Reputation: 8199
I see this in code sometimes:
struct S
{
int count; // length of array in data
int data[1];
};
Where the storage for S is allocated bigger than sizeof(S)
so that data can have more space for its array. It is then used like:
S *s;
// allocation
s->data[3] = 1337;
My question is, why is data
not a pointer? Why the length-1 array?
Upvotes: 1
Views: 603
Reputation: 12392
Because it lets you have code do this:
struct S
{
int count; // length of array in data
int data[1];
};
struct S * foo;
foo = malloc(sizeof(struct S) + ((len - 1)*sizeof(int)) );
strcpy(foo->data, buf);
Which only requires one call to malloc and one call to free.
This is common enough that the C99 standard allows you do not even specify a length of the array.

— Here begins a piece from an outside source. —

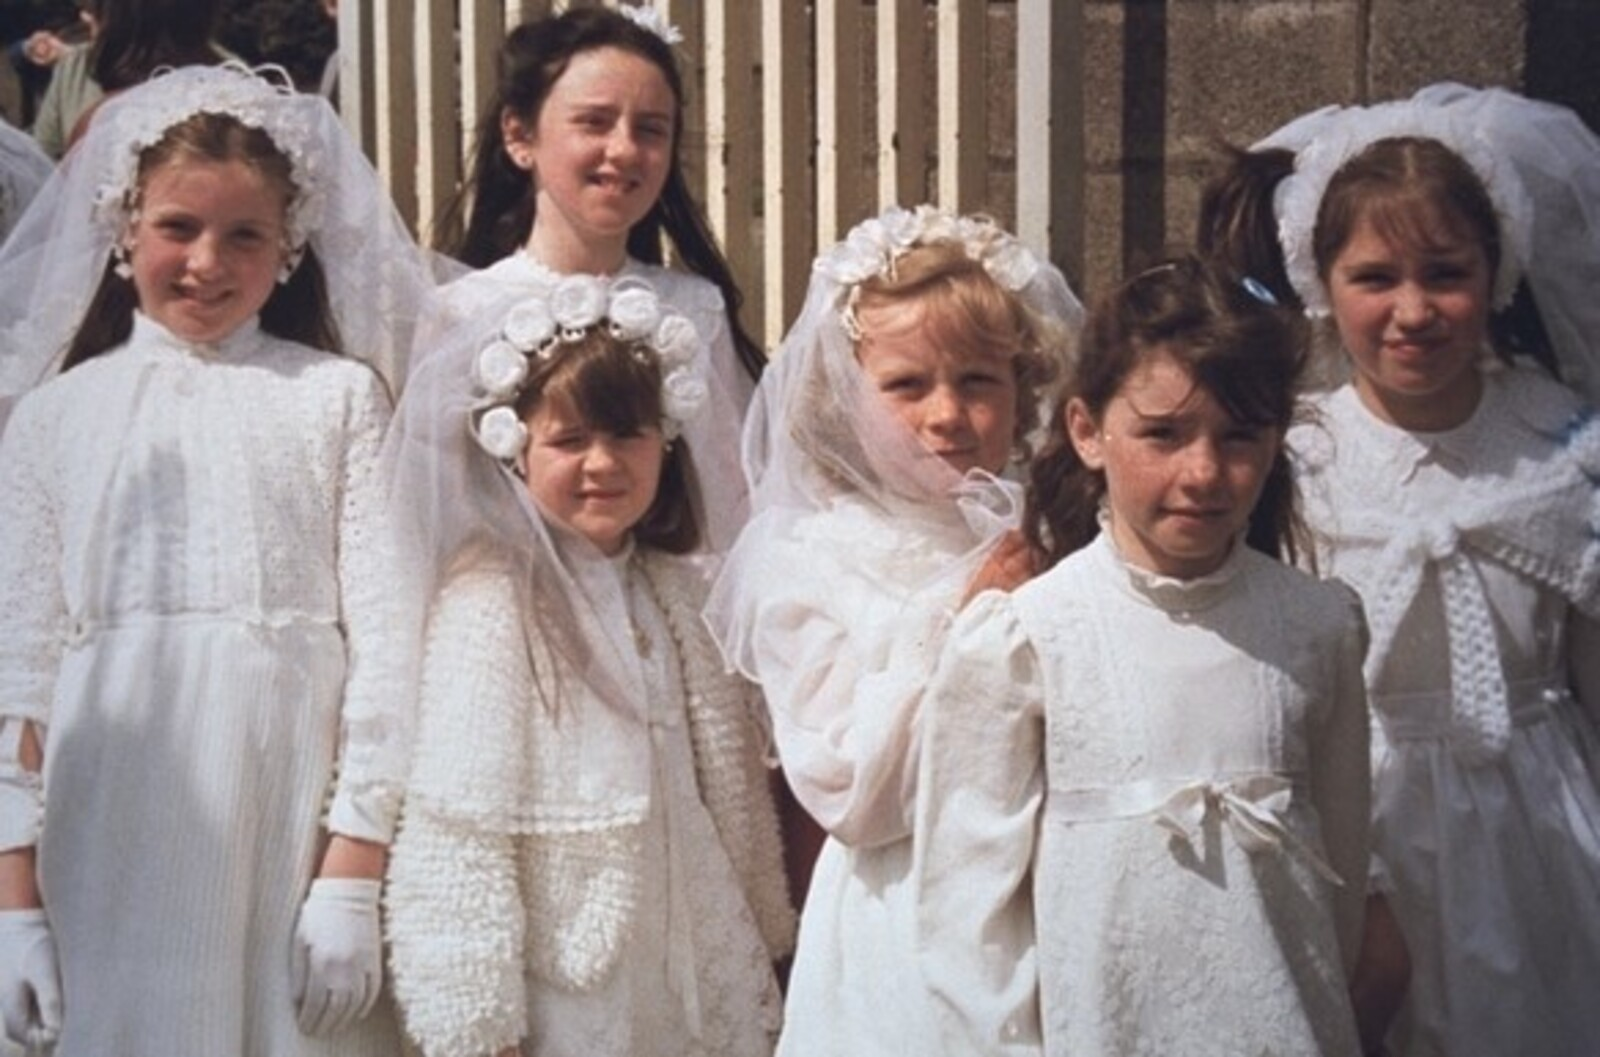 First Communion, Irish Girls, Early 1980s

It's called a flexible array member.
From ISO/IEC 9899:1999, Section 6.7.2.1, paragraph 16: "As a special case, the last element of a structure with more than one named member may have an incomplete array type; this is called a flexible array member." called a flexible array member."
struct S
{
int count; // length of array in data
int data[];
};
And gcc has allowed 0 length array members as the last members of structs as an extension for a while.
Upvotes: 1
Reputation: 81347
Incidentally, I don't think there's any guarantee that using a length-one array as something longer is going to work. A compiler would be free to generate effective-address code that relies upon the subscript being no larger than the specified bound (e.g. if an array bound is specified as one, a compiler could generate code that always accesses the first element, and if it's two, on some platforms, an optimizing compiler might turn a[i] into ((i & 1) ? a[1] : a[0]). Note that while I'm unaware of any compilers that actually do that transform, I am aware of platforms where it would be more efficient than computing an array subscript.
I think a standards-compliant approach would be to declare the array as [MAX_SIZE] and allocate sizeof(struct S)-(MAX_SIZE-len)*sizeof(int) bytes.
Upvotes: 0
Reputation: 20403
Because of different copy semantics. If it is a pointer inside, then the contents have to explicitly copied. If it is a C-style array inside, then the copy is automatic.
Upvotes: 0
Reputation: 311
It's done to make it easier to manage the fact that the array is sequential in memory (within the struct). Otherwise, after the memalloc that is greater than sizeof(S), you would have to point 'data' at the next memory address.
Upvotes: 1
Reputation: 755567
Raymond Chen wrote an excellent article on precisely why variable length structures chose this pattern over many others (including pointers).
He doesn't directly comment on why a pointer was chosen over an array but Steve Dispensa provides some insight in the comments section.
From Steve
typedef struct _TOKEN_GROUPS {
DWORD GroupCount;
SID_AND_ATTRIBUTES *Groups;
} TOKEN_GROUPS, *PTOKEN_GROUPS;
This would still force Groups to be pointer-aligned, but it's much less convenient when you think of argument marshalling.
In driver development, developers are sometimes faced with sending arguments from user-mode to kernel-mode via a METHOD_BUFFERED IOCTL. Structures with embedded pointers like this one represent anything from a security flaw waiting to happen to simply a PITA.
Upvotes: 6
Reputation: 320777
If you declare data
as a pointer, you'll have to allocate a separate memory block for the data
array, i.e. you'll have to make two allocations instead of one. While there won't be much difference in the actual functionality, it still might have some negative performance impact. It might increase memory fragmentation. It might result in struct memory being allocated "far away" from the data
array memory, resulting in the poor cache behavior of the data structure. If you use your own memory management routines, like pooled allocators, you'll have to set up two allocators: one for the struct and one for the array.
By using the above technique (known as "struct hack") you allocate memory for the entire struct (including data
array) in one block, with one call to malloc
(or to your own allocator). This is what it is used for. Among other things it ensures that struct memory is located as close to the array memory as possible (i.e. it is just one continuous block), so the cache behavior of the data structure is optimal.
Upvotes: 9